Read the classics, but read junk books and bad books too. This varied experience will show you the kind of writing you don’t want to produce, and writing that just doesn’t work.
Read widely, across genres, but also specifically. Immerse yourself in the genre you wish to write. Stephen King meant it when he said writers need to read “a lot.”
Your efforts will inform your writing style and choices. Every novel that you read will teach you what to do or what not to do with plot development, characterization, point of view, and style.
Almost all good writers imitate other authors, often without realizing it, as they begin writing. Many will have gone through phases of reading Hemingway and writing in stripped down, barebone sentences. Others have worked their way through a James Joyce novel and imitated his modernist, stream-of-consciousness language.
The more voices you read, and then imitate, the closer you will get to finding your individual writing voice and style.
Author Neil Gaiman shared this on how he generates ideas for books:
9-Step Guide on How to Start Writing a Book
Once you have read a variety of books within each genre, it is time to start writing your book.
Here are our nine no-fuss steps for beginner writers.
1. Decide What Your Book Will Be About
The first thing you need to do is decide what your novel will be about. The idea doesn’t have to be thoroughly fleshed out; think of it as a seed from which your story will grow.
J.R.R. Tolkien got the idea for The Hobbit after absentmindedly writing on a piece of paper “in a hole in the ground there lived a Hobbit.” J.K. Rowling knew she wanted to write about a boy wizard with black hair and spectacles. And George R.R. Martin wrote A Game of Thrones after picturing dire wolves in the snow.
Clearly, one way of getting an idea is being mindful of your scribbles, or doodles, or visions. Tolkien could have just thrown his odd, scribbled sentence away. Rowling could have ignored the image of the boy in spectacles, and Martin could have forgotten about his dire wolves. Instead, they chose to focus and explore their ideas.
If that doesn’t work, start with your genre.
It’s important to write in a genre you enjoy. You’ll be spending a lot of time with your developing novel, so choose a world you’ll be happy to explore.
Consider the basic characteristics of your genre, then add a twist.
When Lee Child created the Jack Reacher thriller series, he knew he needed a compelling hero or protagonist, a powerful villain, high stakes, and fast-paced action.
Then he added a twist.
In an article about the author, Bob Cornwell quotes Child’s claim that he created Reacher “‘as an antidote to all the depressed and miserable alcoholics that increasingly peopled the genre.’”

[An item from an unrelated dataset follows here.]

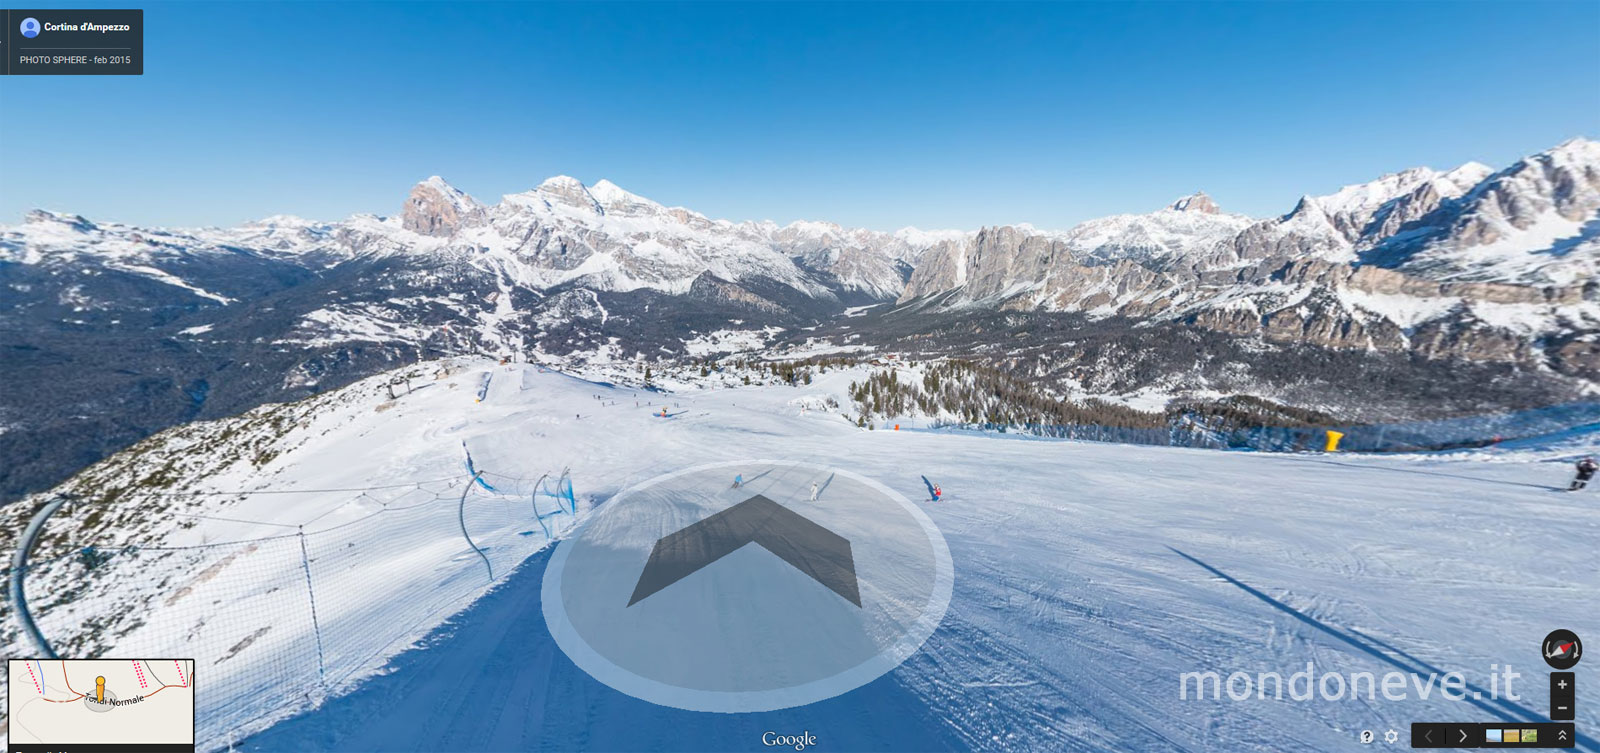 Cortina sbarca su Google Ski Maps, ora si puo’ sciare anche virtualmente

Child made Reacher a tough guy, like most thriller protagonists, but a friendly, decent, uncomplicated one.
Consider the components you need for your genre. Perhaps you’ll twist the setting or give your character an unusual ability. That twist might be the very idea that inspires your book!
2. Research and Outline Your Book
Writing fiction requires ideas, imagination, and research. Your story may be made up, but it needs to ring true to the reader.
Factual research provides you with the scientific,technical, or historical details you will need to make the plot work.
Getting the logic of the story correct from the beginning—whether that be the historical accuracy of the events, or specific details of an ancient religion’s rites—will allow everything else to fall into place later.
One reason Andy Weir’s The Martian was so successful was that the entire story was science-driven, and all the math and science were correct.
John Grisham’s experience as a lawyer gave his legal thrillers a sense of legitimacy. His knowledge of the court system and legal process were integral to the success of his writing.
You also need to research your genre. This is essential for two reasons.
First, you want to ensure your killer idea is truly original before you start your actual writing.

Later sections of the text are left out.